When running `python llava-websocket.py`, the checkpoint shards are loaded and stay in cache while a WebSocket server is started. Clients in your local network can send new prompts and images for inference without having to re-load checkpoint shards and without using Gradio.

This project, in its current form, is not designed for conversation, but rather for one-time prompt processing, enabling the inference of various images and prompts based on individual requests. I might add conversation capabilities in the near future.

This project was tested on Ubuntu.

## Setup
You should follow the LLaVA tutorial, so that you have the pretrained model / checkpoint shards ready. Then, put my script into your LLaVA directory and start it while in the LLaVA conda-environment (`conda activate llava`).

## Usage
```
python llava-websocket.py [ARGS]
```

### Arguments

Given that this project is based on LLaVA's `cli.py`, the following base arguments can be specified:
```
--model-path, default="liuhaotian/llava-v1.5-13b"
--model-base, default=None
--device, default="cuda"
--conv-mode, default=None
--temperature, default=0.2
--max-new-tokens, default=512
--load-8bit, action="store_true"
--load-4bit, action="store_true"
--debug, action="store_true"
```

Additionally added args:
```
--port, default=1995
--verbose, action="store_true"
--json, action="store_true"
```
Using `--port [int]`, you can specify your own WebSocket port.

Using `--verbose`, you will receive verbose output on the server-side console (WebSocket connection info, transmitted inference results).

Using `--json`, the WebSocket responses will be formatted as JSON, containing a timestamp and the inference result:

```json
{
"time": "11:48:52.632415",
"result": "The image features a wooden pier (...)"
}
```

## WebSocket Communication
In your local network, clients can access the WebSocket via `ws://[your-ip]:1995`. Specify your own port when calling the python script via `--port [int]`.

You can probably also make the WebSocket accessible from outside of your LAN via port forwarding.

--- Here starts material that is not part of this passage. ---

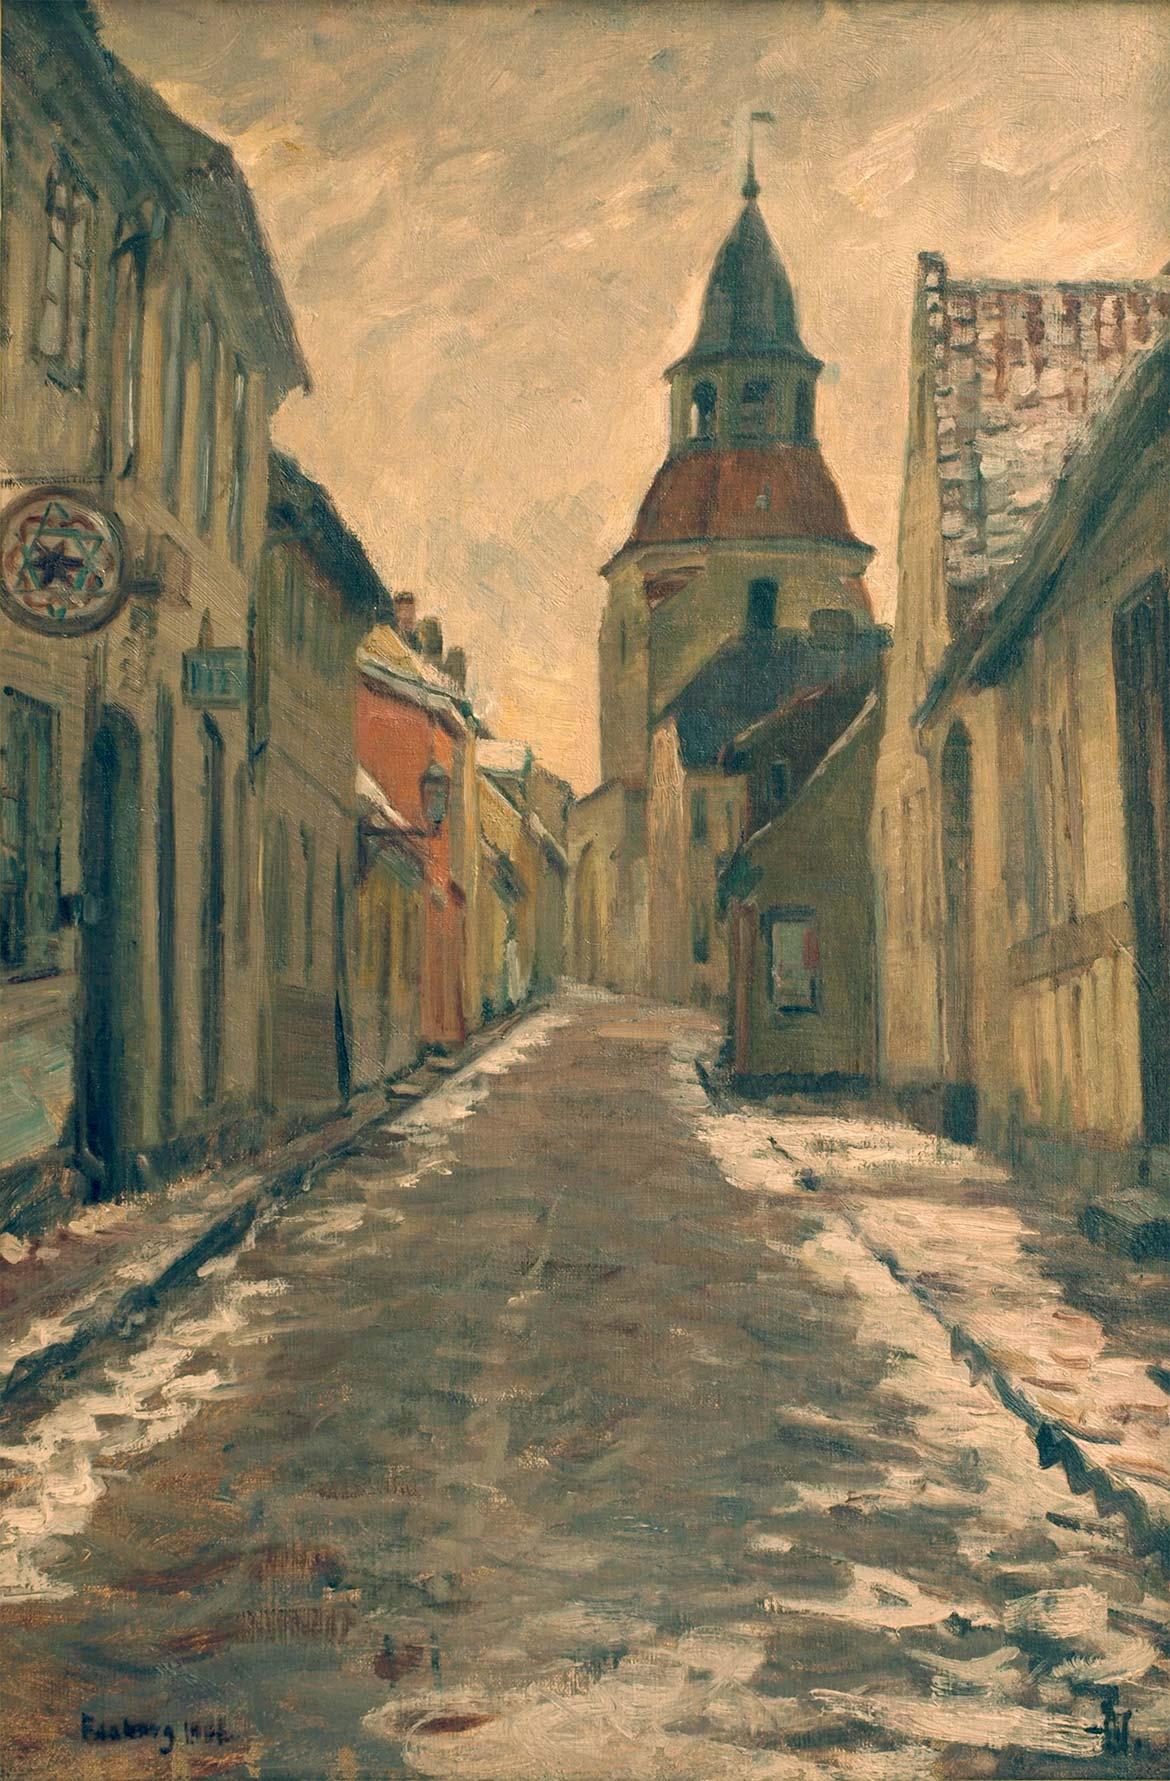 Albert Gottschalk, Gadeparti med Klokketårnet i Faaborg, 1901. Faaborg Museum.

The WebSocket server waits for a JSON object:

```json
{
"prompt": "Here goes your prompt (e.g., describe this image.)",
"image": "URL to an image file, or BASE64-encoded string of an image file"
}
```

and returns the written inference result via the socket connection.

### Demo
https://github.com/mapluisch/LLaVA-WebSocket-Server/assets/31780571/db3639e8-1aa8-4be3-8fb5-3ab9ad0e27d0

The input image is LLaVA's test image:

LLaVA's test image
(Source: https://llava-vl.github.io/static/images/view.jpg)

## Disclaimer
This project is a prototype and serves as a basic example of using a WebSocket for LLaVA's CLI inference. Feel free to create a PR.